There are moments of flow, too. OCD Love is not a Gaga dance performance, but rather a show whose performers often practice Gaga, which, I’m going to very unofficially compare to yoga. Context, y’all. So many of the movements onstage are careful, powerful, and flexible displays of the human body performing at 100 miles an hour, condensed into arms and legs. And then there are the moments of flow, where Hytting or Kakizaki or Pardes say, “fuck it,” and go leaping across the floor.
The show is based on the poem, OCD Love, by Neil Hilborn, which goes like this: I asked her out six times in thirty seconds. She said yes after the third one, but none of them felt right so I had to keep going. As I walked out of the theater I heard a man behind me say, “So moving … mental illness.”
Obsessive compulsive disorder is a mental illness and I do think it’s explored in this piece. As choreographer Sharon Eyal says of the Hilborn’s poem, and her resulting performance, “It is the first time that the core of the piece is shaped in my head, and so figurative, before we have even begun working. I know the way it feels and smells. Like the end of the world, without mercy. A smell of flowers, but very dark. Like falling into a hole and not coming back. A lot of noise, but desperation for quiet.”
And that is what the show is … but I think it’s about more than OCD. I think it would be reductive to leave it at that. With any mental illness, life, in your mind, can become distorted. Depression slows things down. Anxiety speeds things up. Life is lived in bursts and shouts and I speak from experience when I say that it can feel so very, very dark and then, suddenly, like the brightest place you’ve ever wandered into.

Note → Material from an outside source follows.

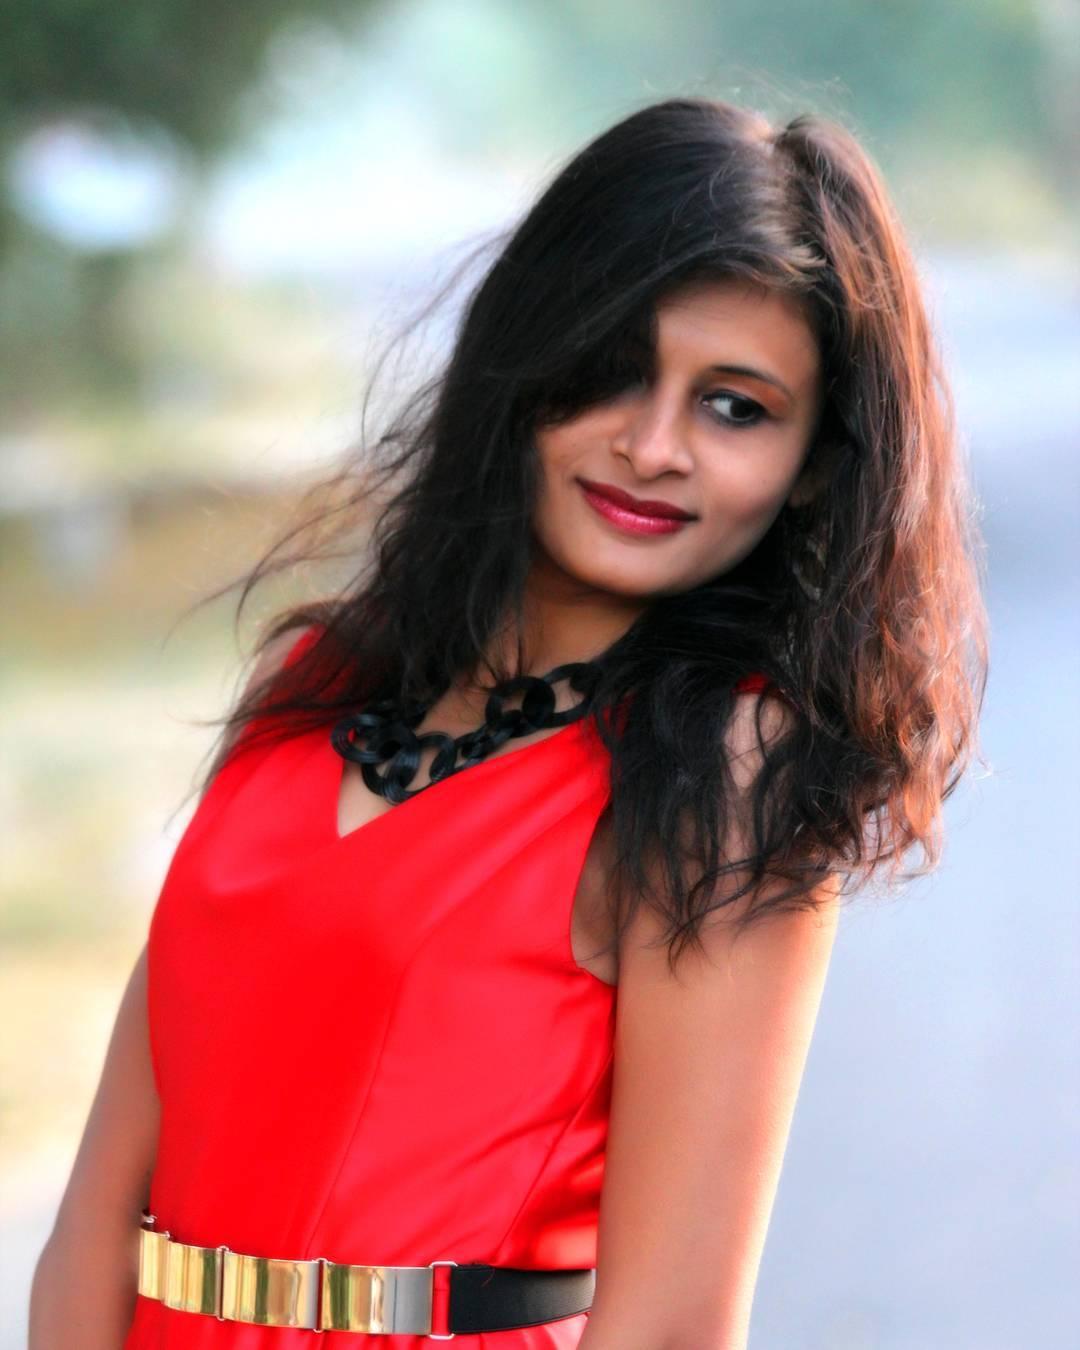 In frame: @mansimodi06  #beautifulwomen #girlsportrait #photoholic #girlsfashions  #portraitphotography #portrait #fashionphotography #FashionShoot #ahmedabad #photography #picoftheday #preetyface #boldness #modelpose #modelphotography #AhmedabadPhotography #shootout_ahmedabad  #ahmedabaddiaries #ahmedabadshoutout #MementoPhotography
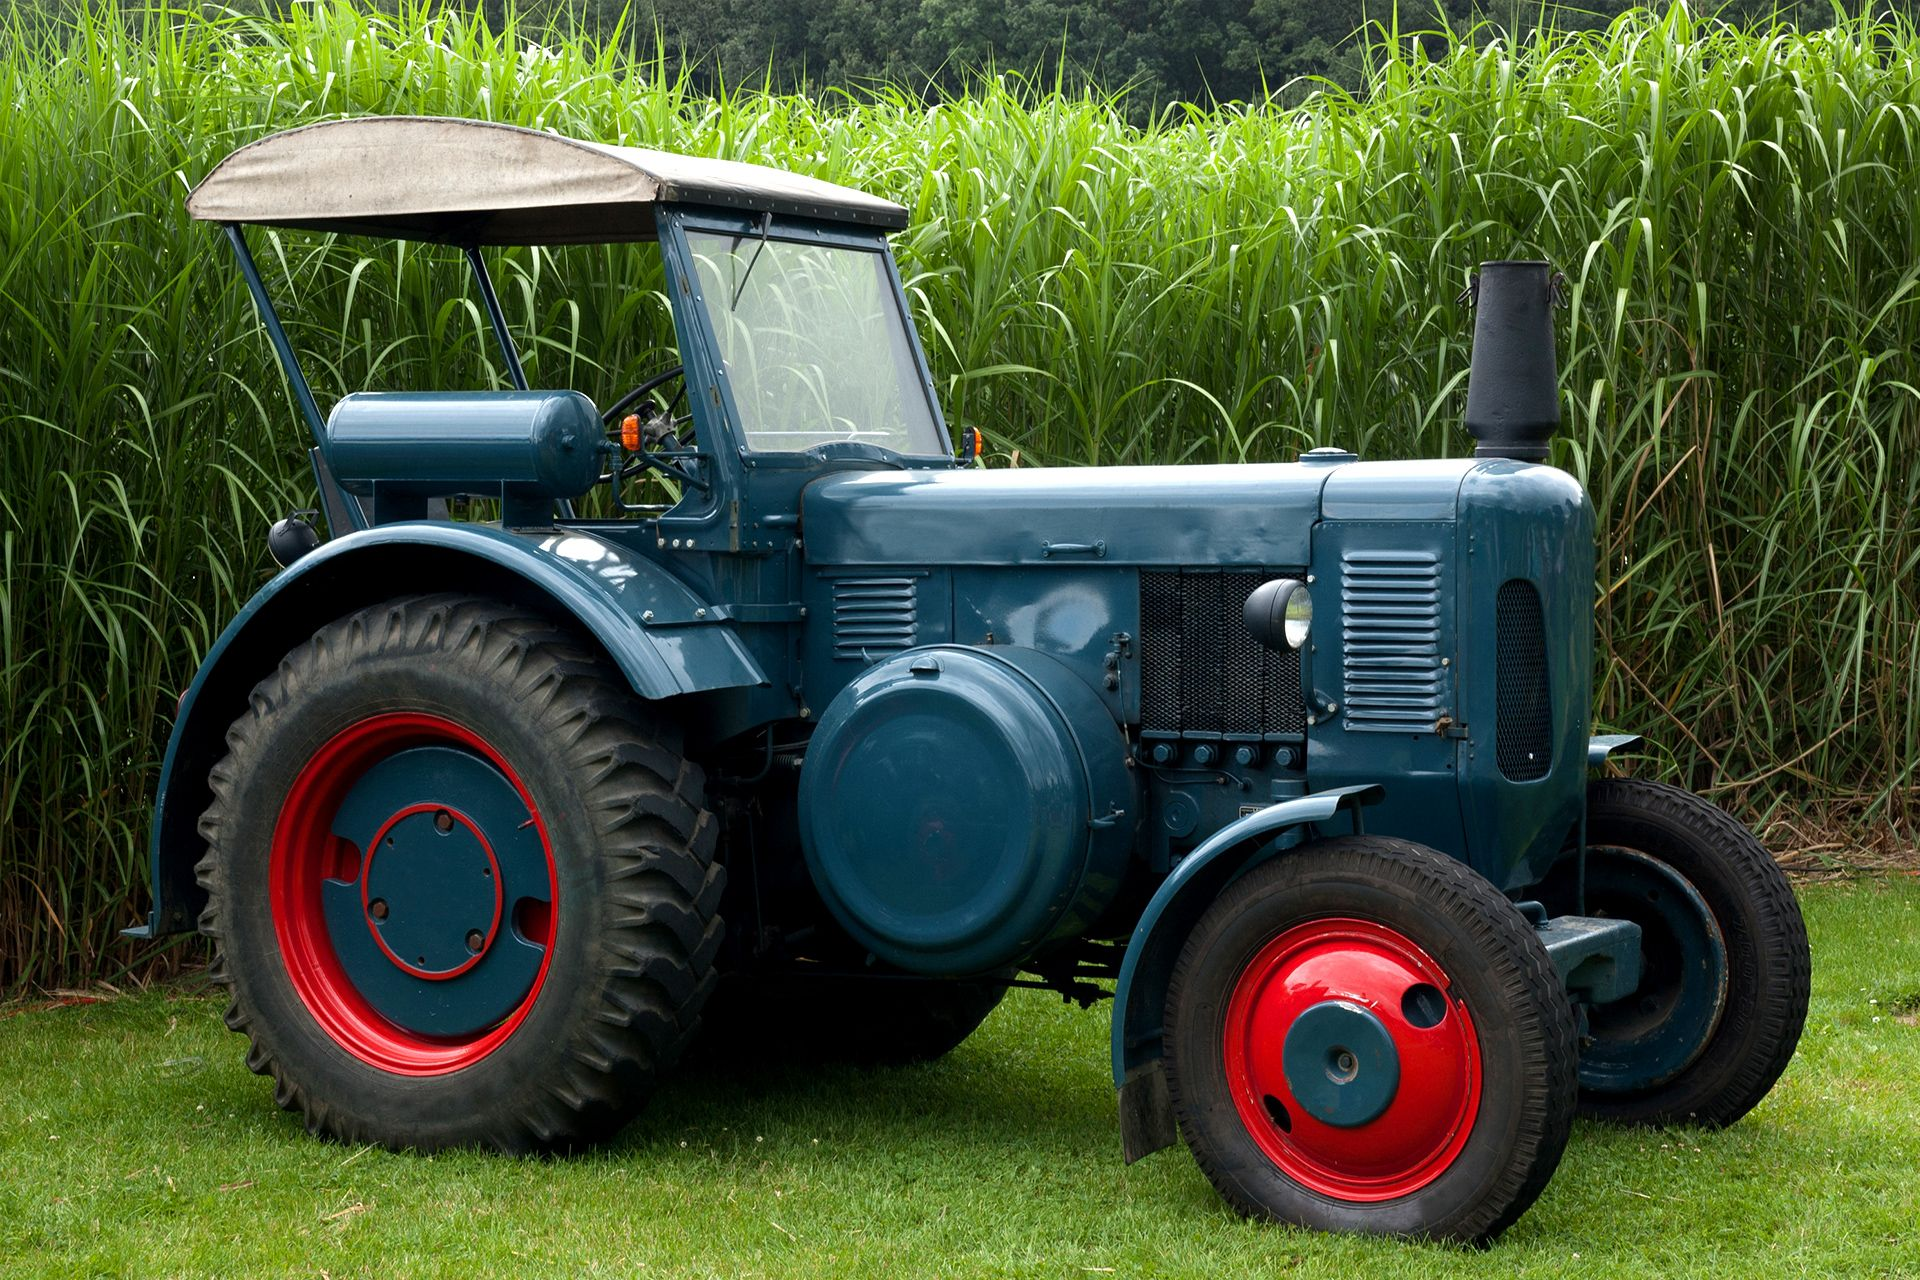 lustige traktor bilder

So yeah, maybe I fell into a hole last night. Maybe the beads of sweat on the dancers, their smirks, their contorted displays of despair, their occasional yelps, felt so much closer than rows of seats and a stage away. I can climb out of the hole but some people can’t and thinking of them, and how that must feel, leaves me bent into myself, like Hytting onstage, waiting, — perhaps forever — for my strings to be pulled.